= Healthcare in Northamptonshire =

Healthcare in Northamptonshire was the responsibility of Northamptonshire Clinical Commissioning Group until July 2022, with some involvement of Cambridgeshire and Peterborough CCG.

==History==
From 1947 to 1974 NHS services in Northamptonshire were managed by the Oxford Regional Hospital Board. In 1974 the boards were abolished and replaced by regional health authorities. Northamptonshire came under the Oxford RHA. Regions were reorganised in 1996 and Northamptonshire came under the Anglia and Oxford Regional Health Authority. From 1974 there was one area health authority covering the county. From 1982 there were two district health authorities, Kettering and Northampton, but they were merged in 1993. Three primary care trusts were established in the county in 2002: Daventry and South Northamptonshire PCT, Northampton Teaching PCT and Northamptonshire Heartlands PCT. They were merged into Northamptonshire Teaching PCT in 2006. They were managed by the Leicestershire, Northamptonshire and Rutland Strategic Health Authority which was merged into NHS East Midlands in 2006.

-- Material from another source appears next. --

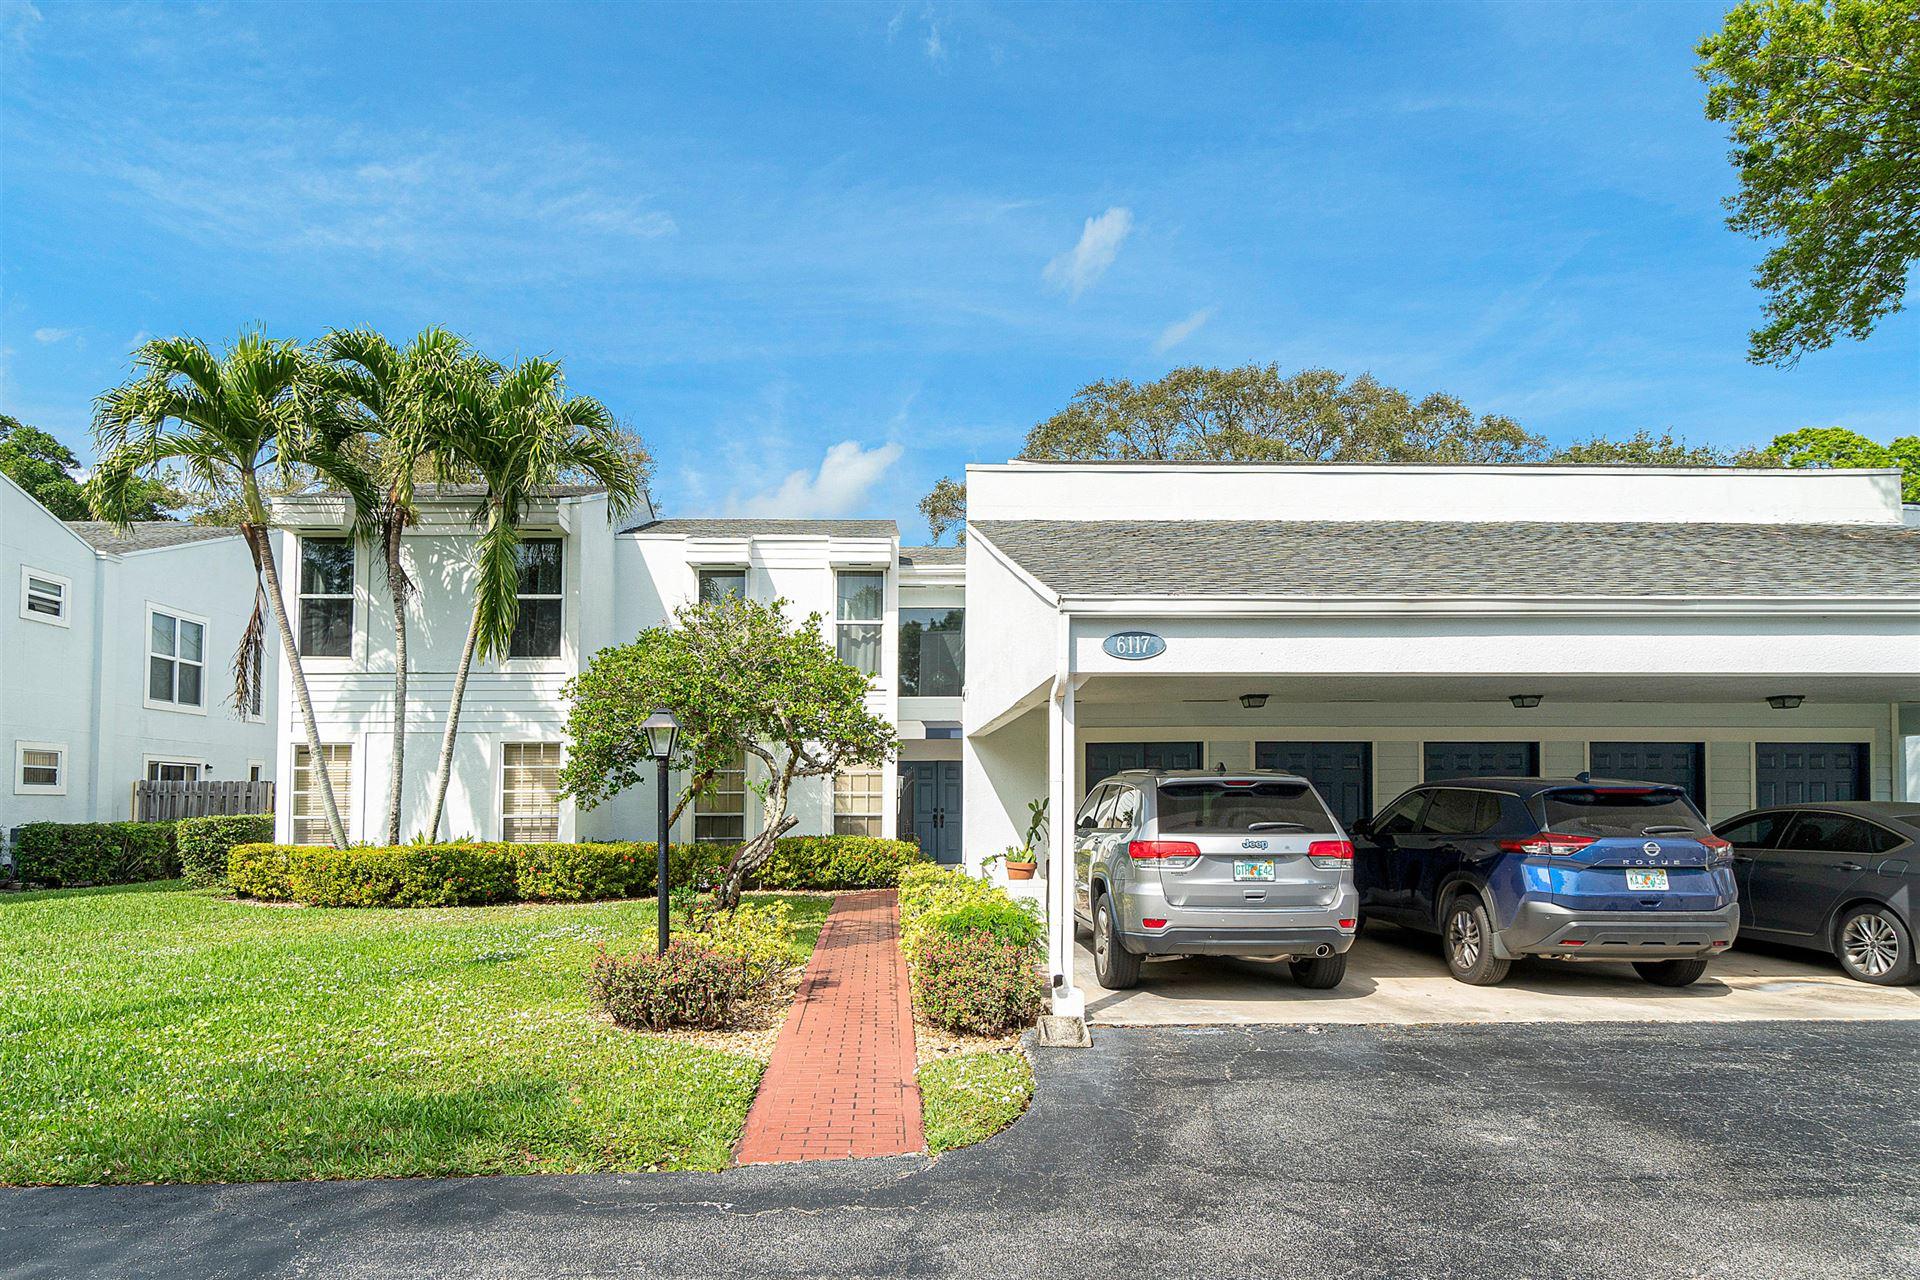 6117 Old Court Road #235, Boca Raton, FL 33433 - #: RX-10695930

==Sustainability and transformation plans==

Northamptonshire formed a sustainability and transformation plan area in March 2016 with John Wardell, the Accountable Officer of Nene Clinical Commissioning Group, as its leader In May 2018 the partnership, which had been rated “in need of improvement” by NHS England in 2017, produced a list of “helpful” and “unhelpful” behaviours for its board members and planned to hold a “reconciliation event” hoping to override all individual or organisational self-interest. It was unclear whether this difficulty was related to the financial difficulty of Northamptonshire County Council.

==Primary care==
Two practices in the county were in Cambridgeshire and Peterborough Clinical Commissioning Group. The remaining 74 were in Northamptonshire CCG, including Lakeside Surgery, the biggest general practice in the National Health Service with 62 partners. The CCGs were replaced by integrated care systems in July 2022.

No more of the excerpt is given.